Question: Find people who speak Japanese but NOT fluently.

Solution:

japanese_speakers = Person & (Fluency & {'lang_code': 'JPN'})
fluent_japanese = Person & (Fluency & {'lang_code': 'JPN', 'fluency_level': 'fluent'})
japanese_non_fluent = japanese_speakers - fluent_japanese

Exercise 7: Reverse Perspective

Question: Find languages that are NOT spoken by anyone fluently.

Solution:

fluent_records = Fluency & {'fluency_level': 'fluent'}
languages_with_fluent_speakers = Language & fluent_records
languages_without_fluent_speakers = Language - languages_with_fluent_speakers

Exercise 8: All-or-Nothing

Question: Find students who have received only ‘A’ grades.

Solution:

has_grades = Student & Grade
has_non_a = Student & (Grade - {'grade': 'A'})
all_a = has_grades - has_non_a

Exercise 9: Chaining Restrictions

Question: Find Gen Z people who speak English fluently.

Solution:

result = Person & 'date_of_birth > "2000-01-01"' & \
         (Fluency & {'lang_code': 'ENG', 'fluency_level': 'fluent'})

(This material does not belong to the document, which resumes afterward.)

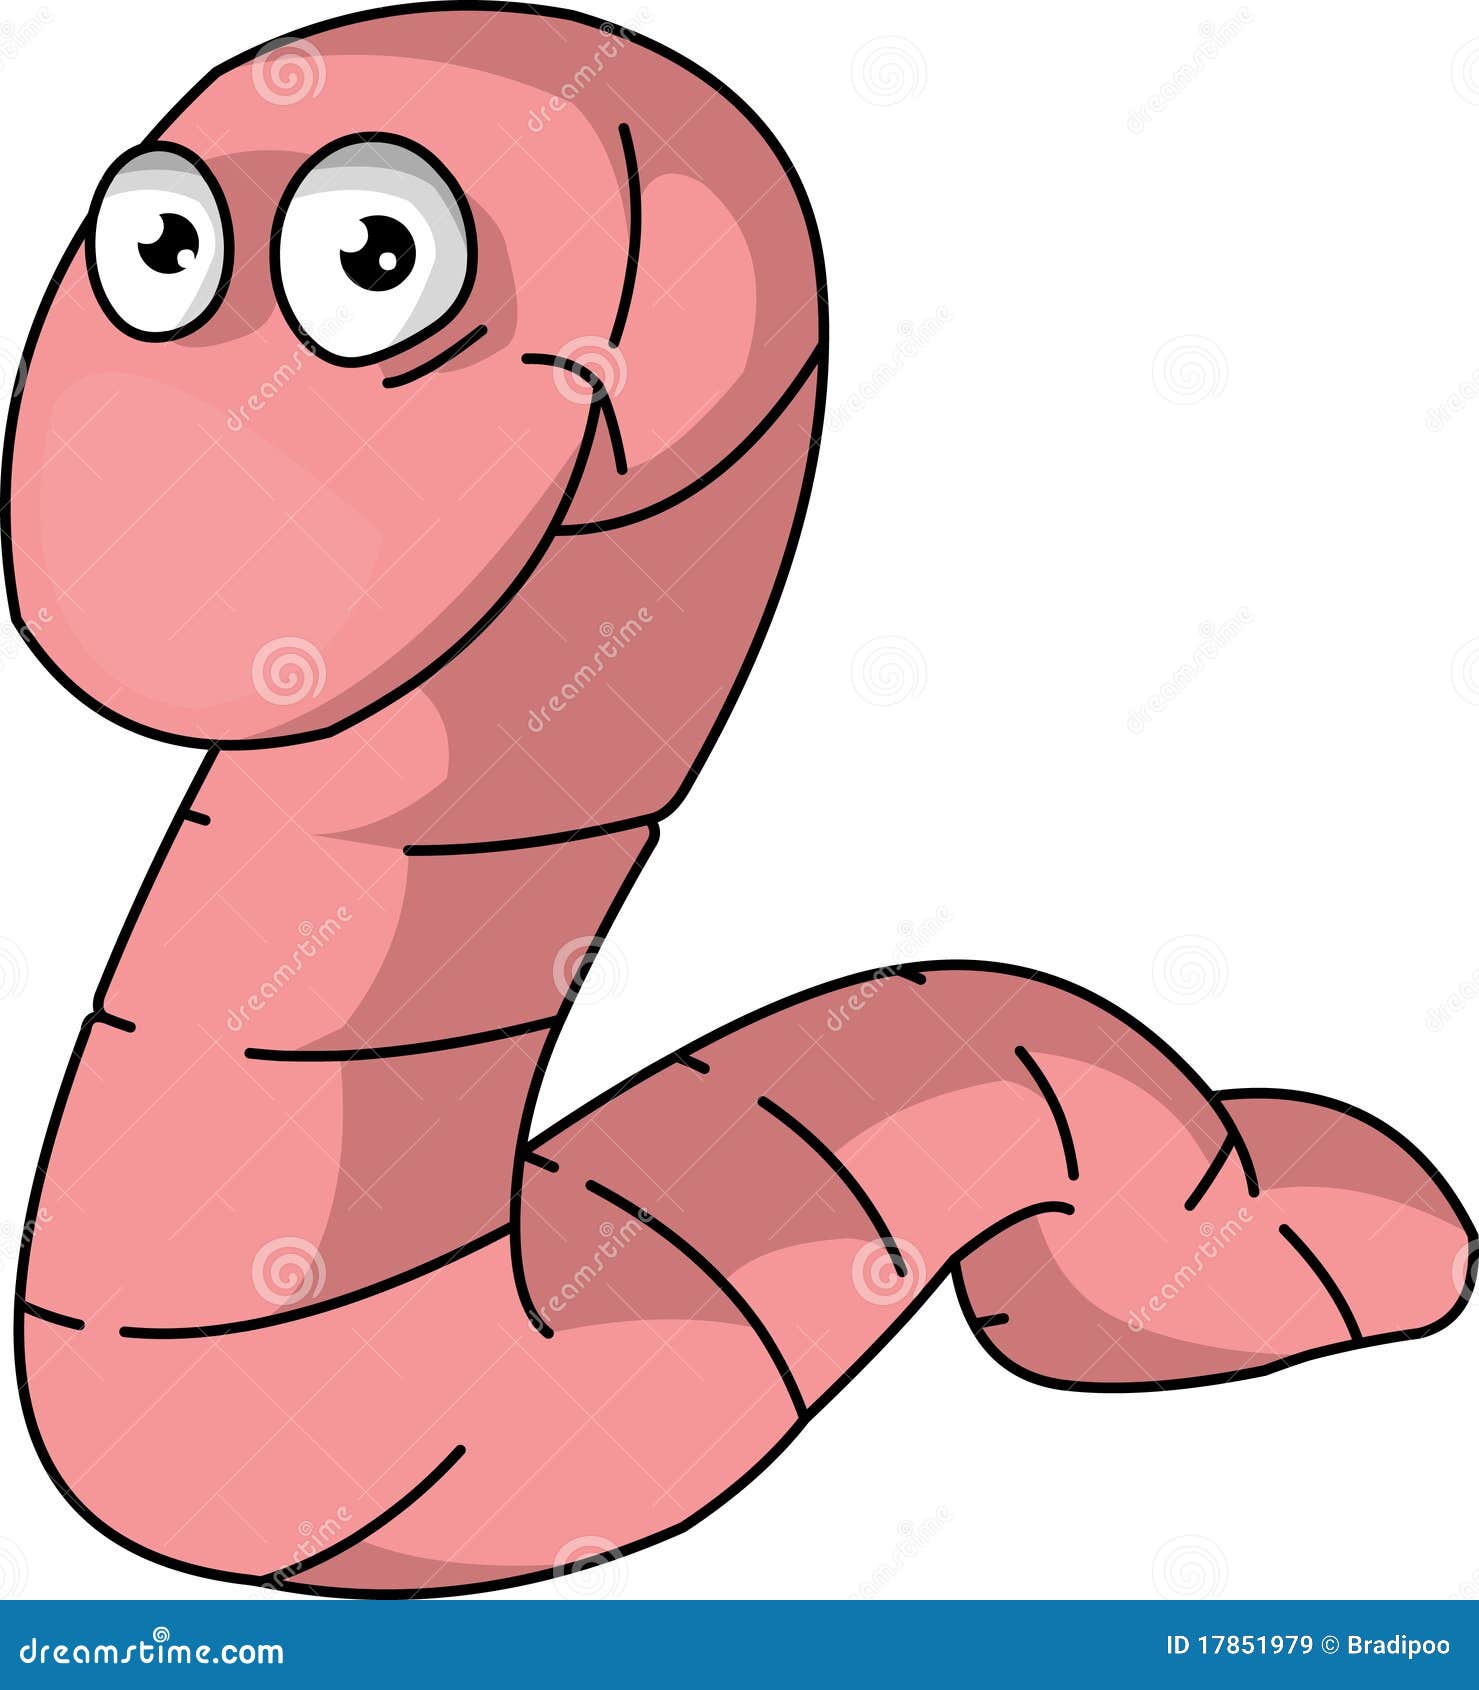 clipart worms cartoon - photo #44

Debugging and Verification Techniques

Test Your Logic

# Always verify your logic makes sense
english = Person & (Fluency & {'lang_code': 'ENG'})
spanish = Person & (Fluency & {'lang_code': 'SPA'})
both = english & spanish

# Sanity checks:
print(f"English speakers: {len(english)}")
print(f"Spanish speakers: {len(spanish)}")
print(f"Bilingual: {len(both)}")

# Both should be <= each individual set
assert len(both) <= len(english)
assert len(both) <= len(spanish)

Build Incrementally

# Start simple and add complexity
step1 = Person
print(f"All people: {len(step1)}")

step2 = step1 & (Fluency & {'lang_code': 'ENG'})
print(f"English speakers: {len(step2)}")

step3 = step2 & (Fluency & {'fluency_level': 'fluent'})
print(f"Fluent English speakers: {len(step3)}")

Common Patterns Summary

  1. Basic inclusion: Table & condition

  2. Basic exclusion: Table - condition

  3. Logical Conjunction (AND-list): Table & cond1 & cond2 & cond3

  4. Logical Disjunction (OR-list): Table & [cond1, cond2, cond3]

These patterns form the building blocks for any restriction query you’ll encounter.